SUPPLIED DATA:
_ _ _

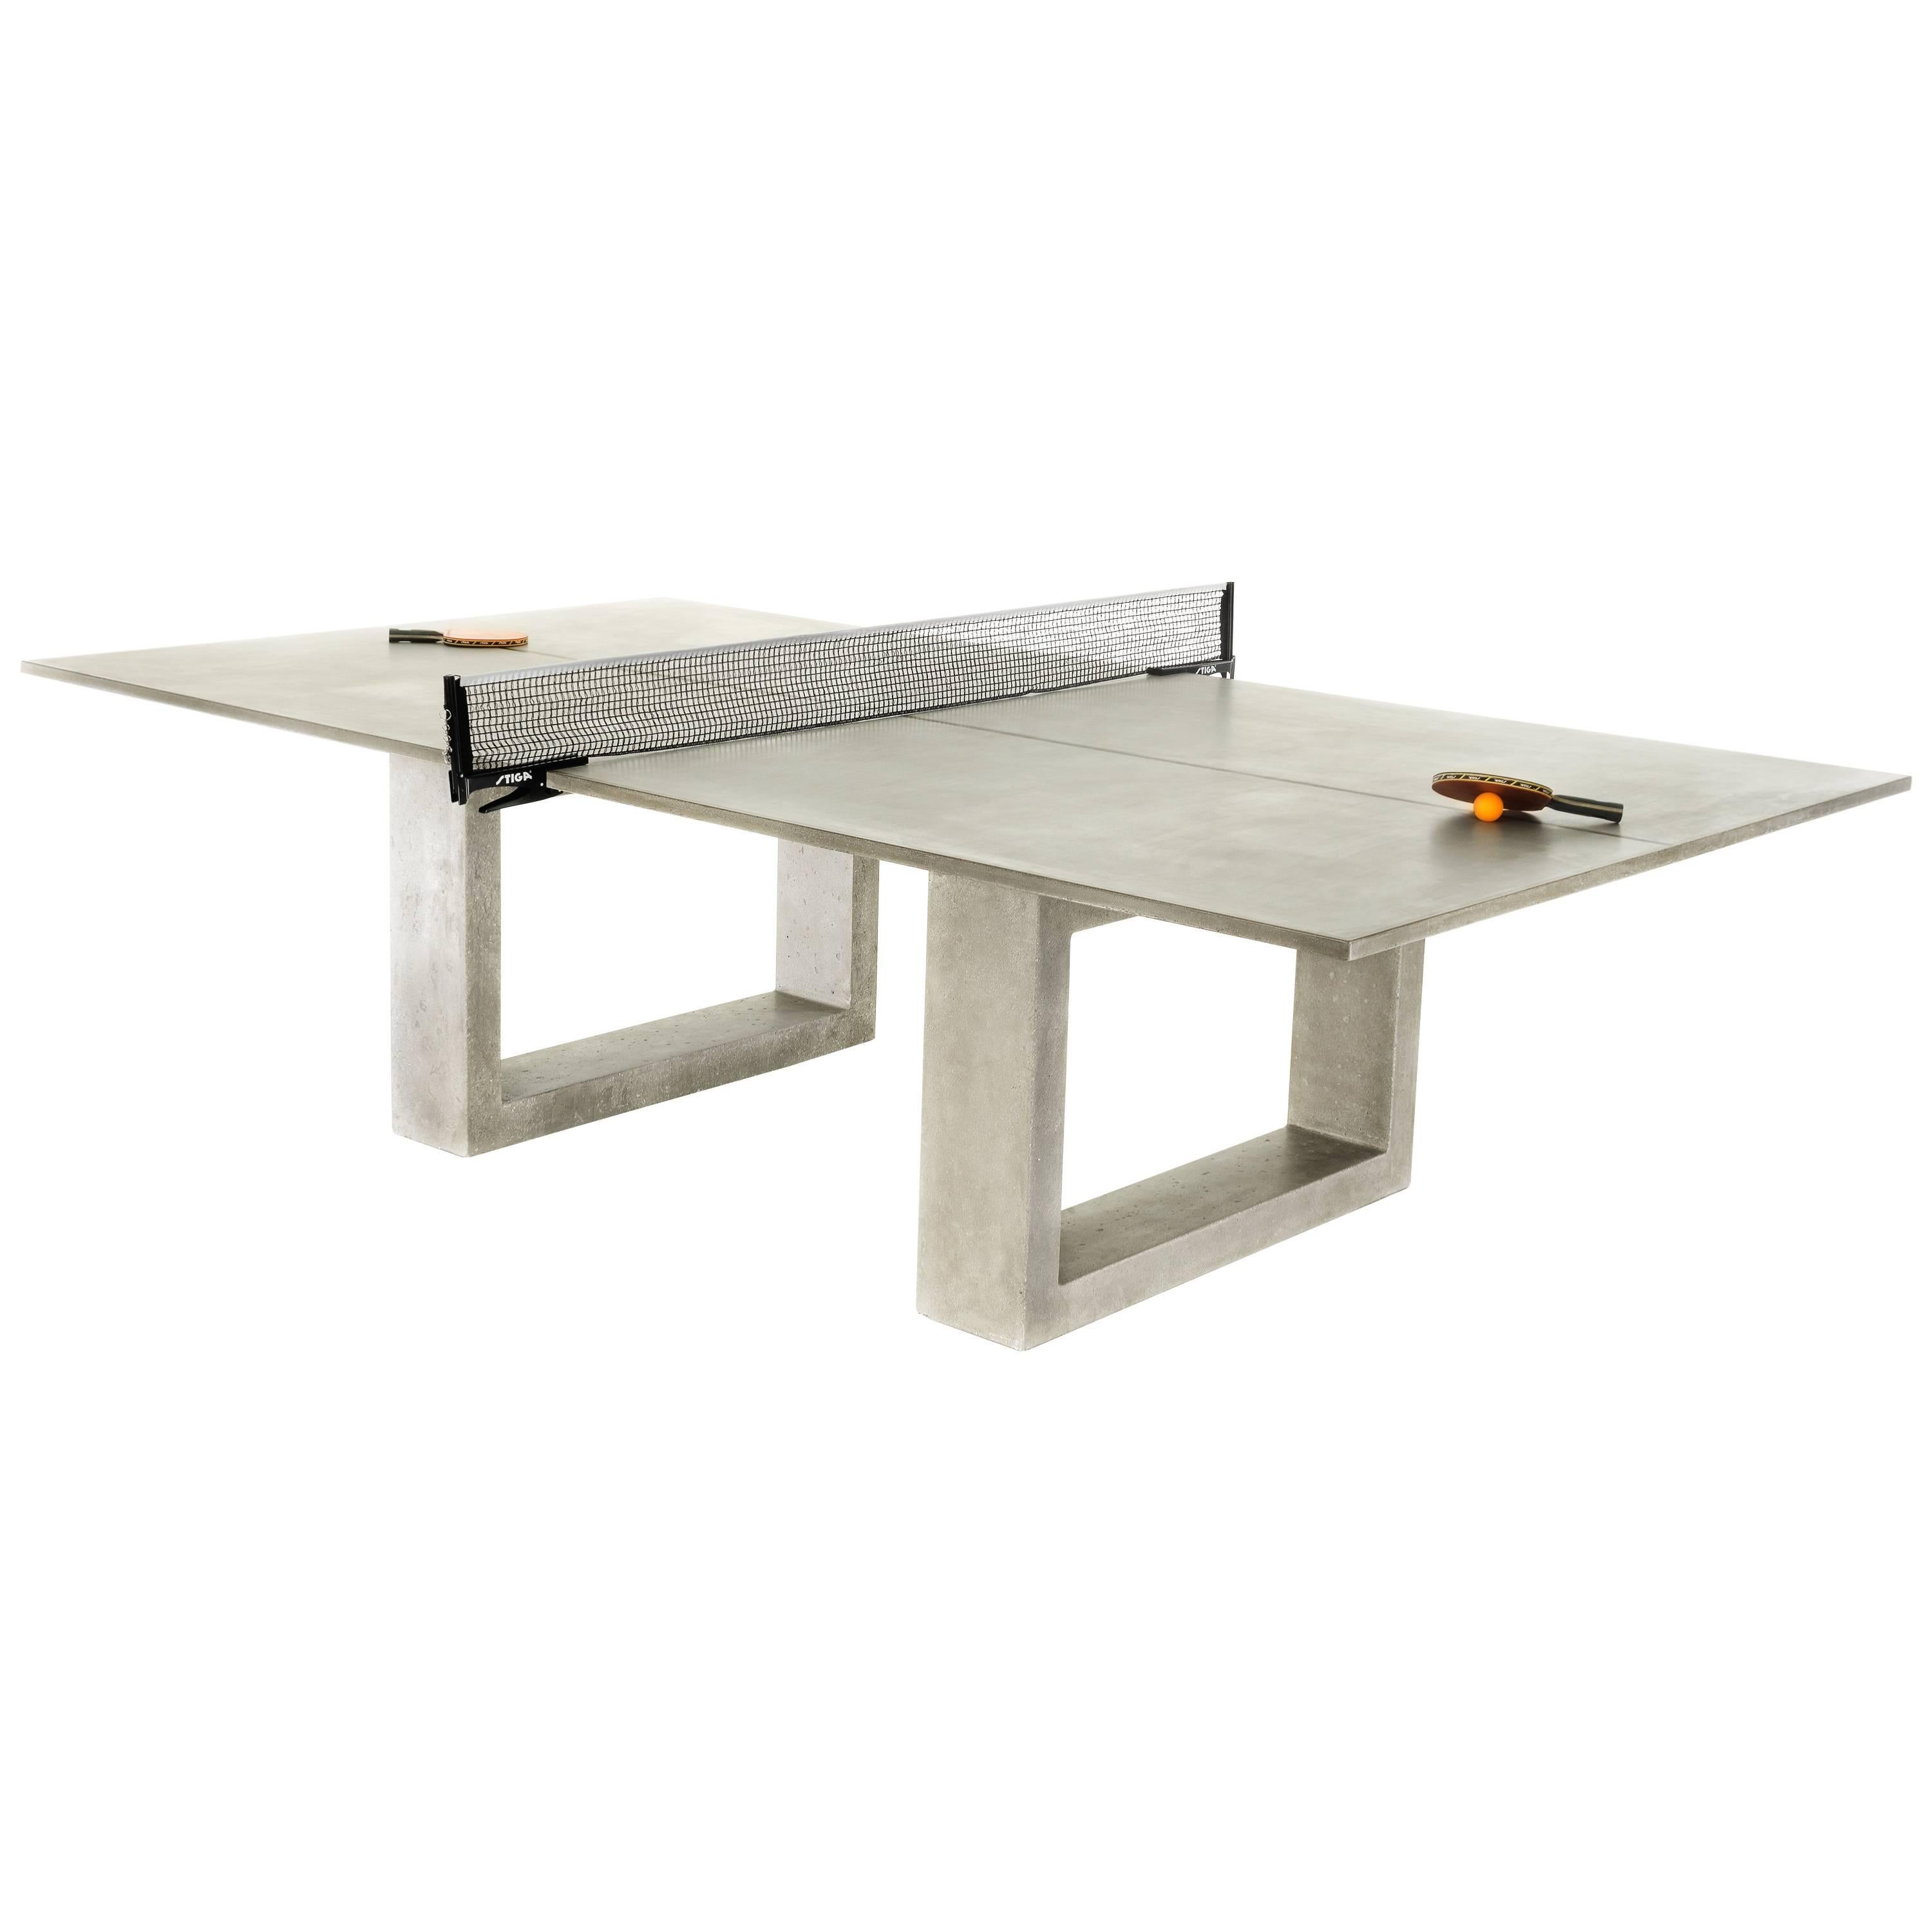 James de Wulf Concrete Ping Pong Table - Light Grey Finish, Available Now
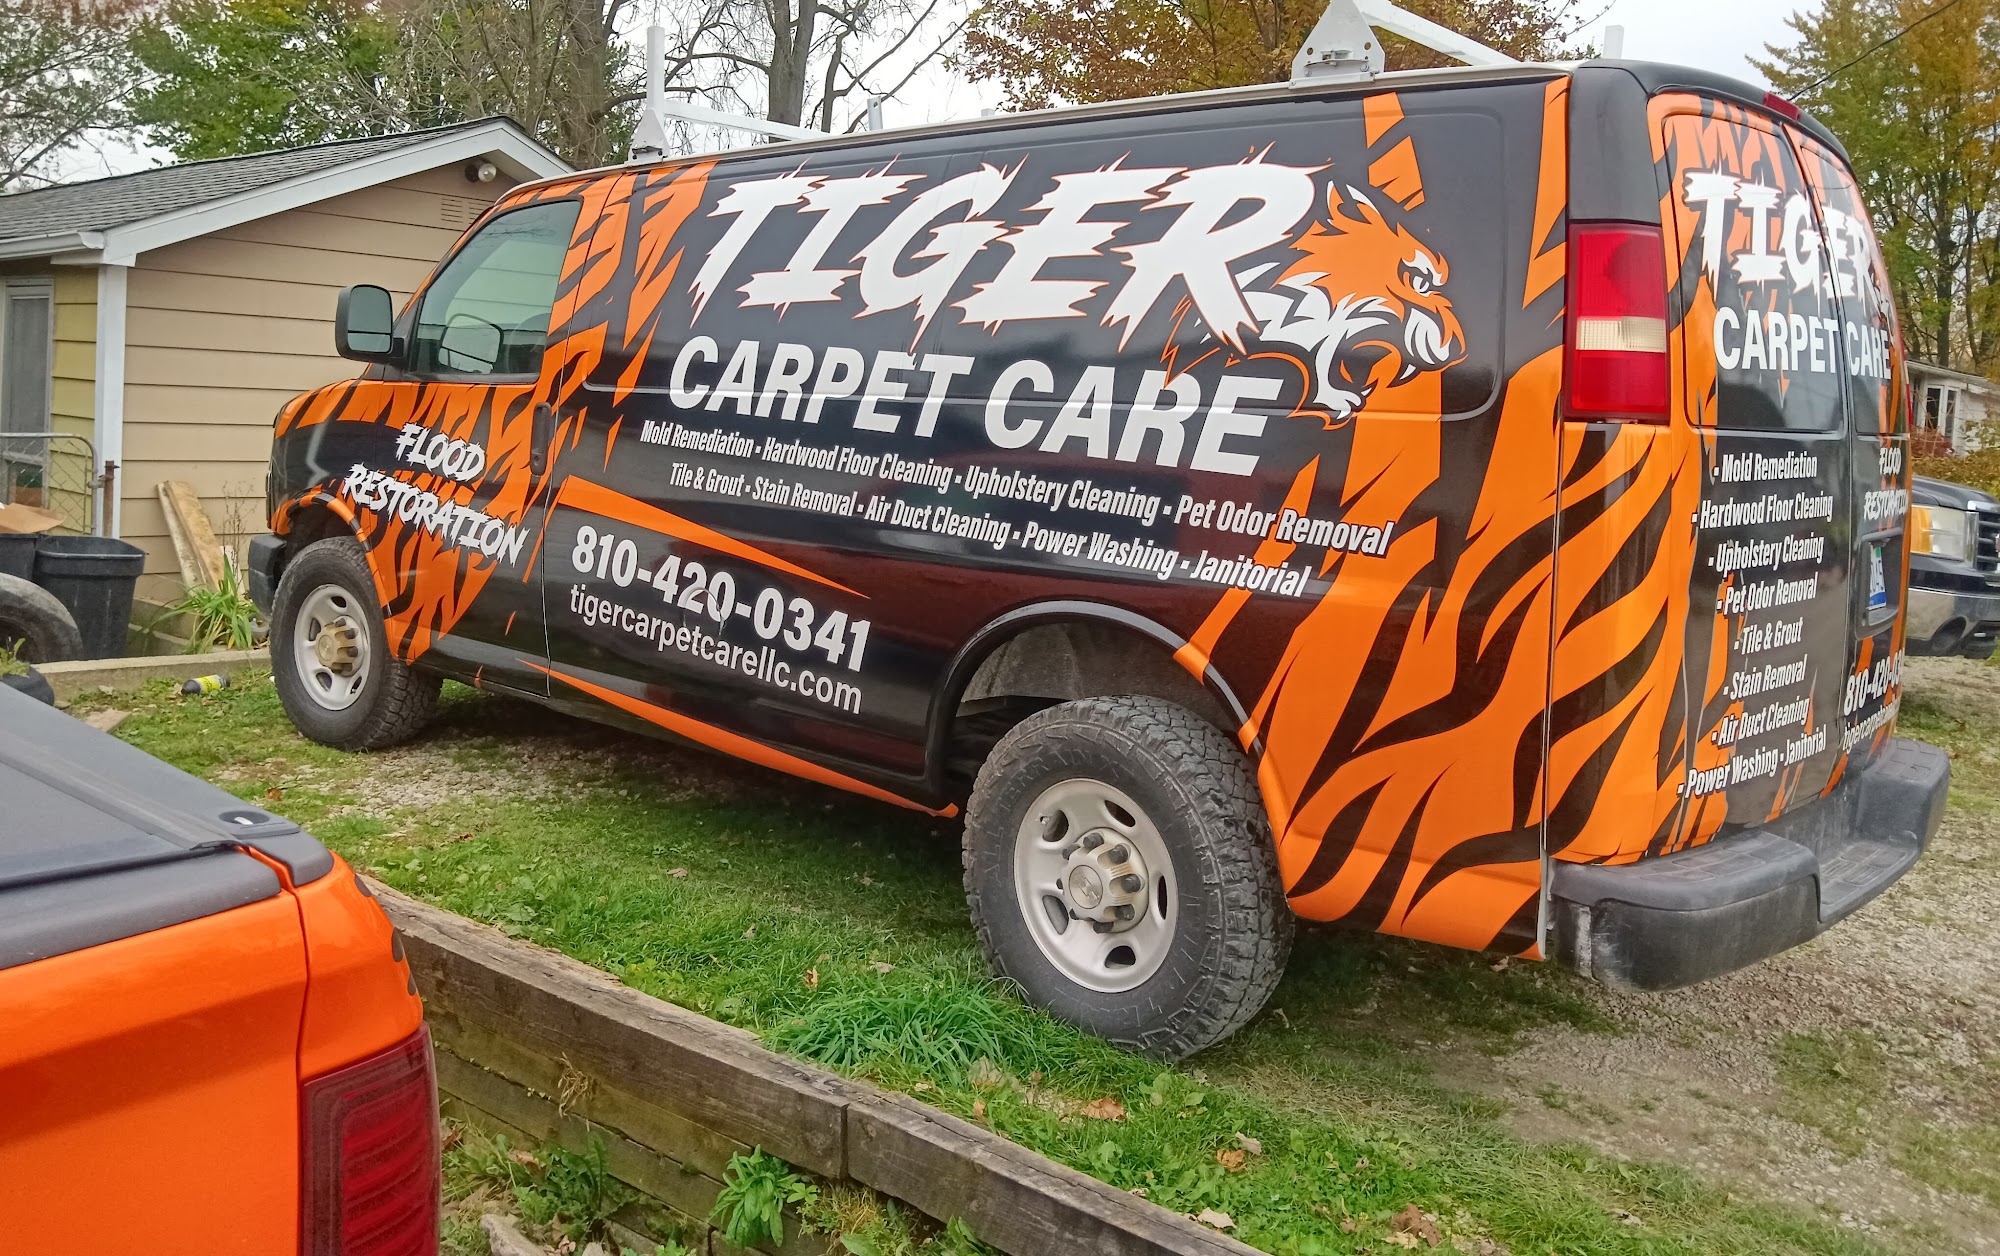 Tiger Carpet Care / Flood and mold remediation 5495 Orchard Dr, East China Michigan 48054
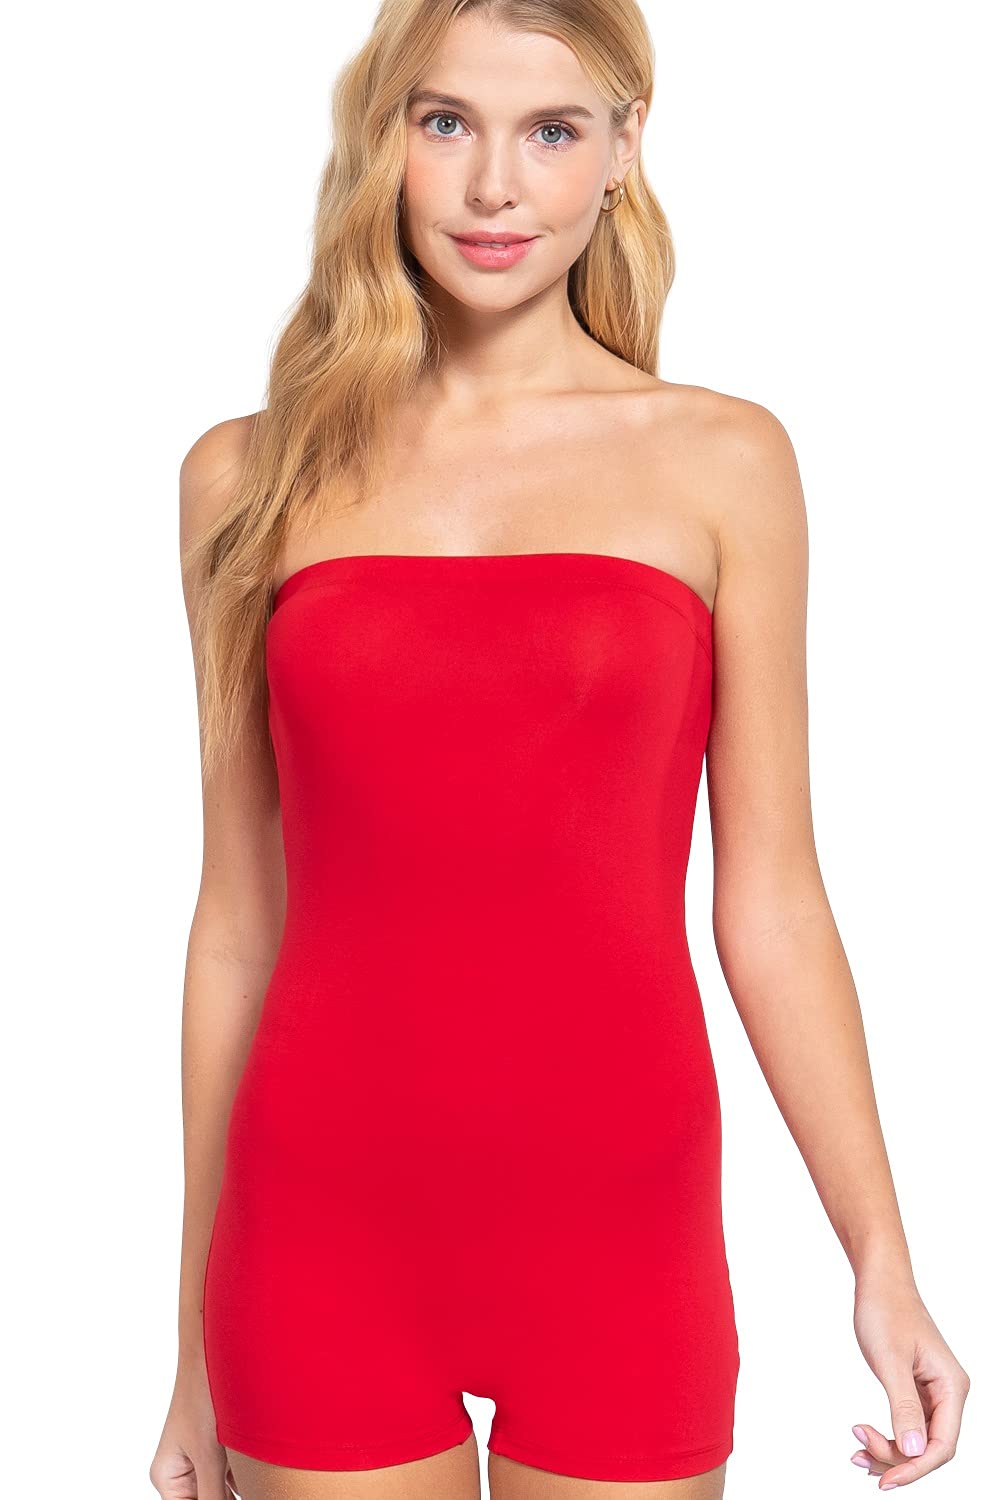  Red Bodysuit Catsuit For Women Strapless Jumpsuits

_ _ _

Would you please copy the listing exactly, omitting every picture?

TASK ANSWER:
 James de Wulf Concrete Ping Pong Table - Light Grey Finish, Available Now
 Tiger Carpet Care / Flood and mold remediation 5495 Orchard Dr, East China Michigan 48054
  Red Bodysuit Catsuit For Women Strapless Jumpsuits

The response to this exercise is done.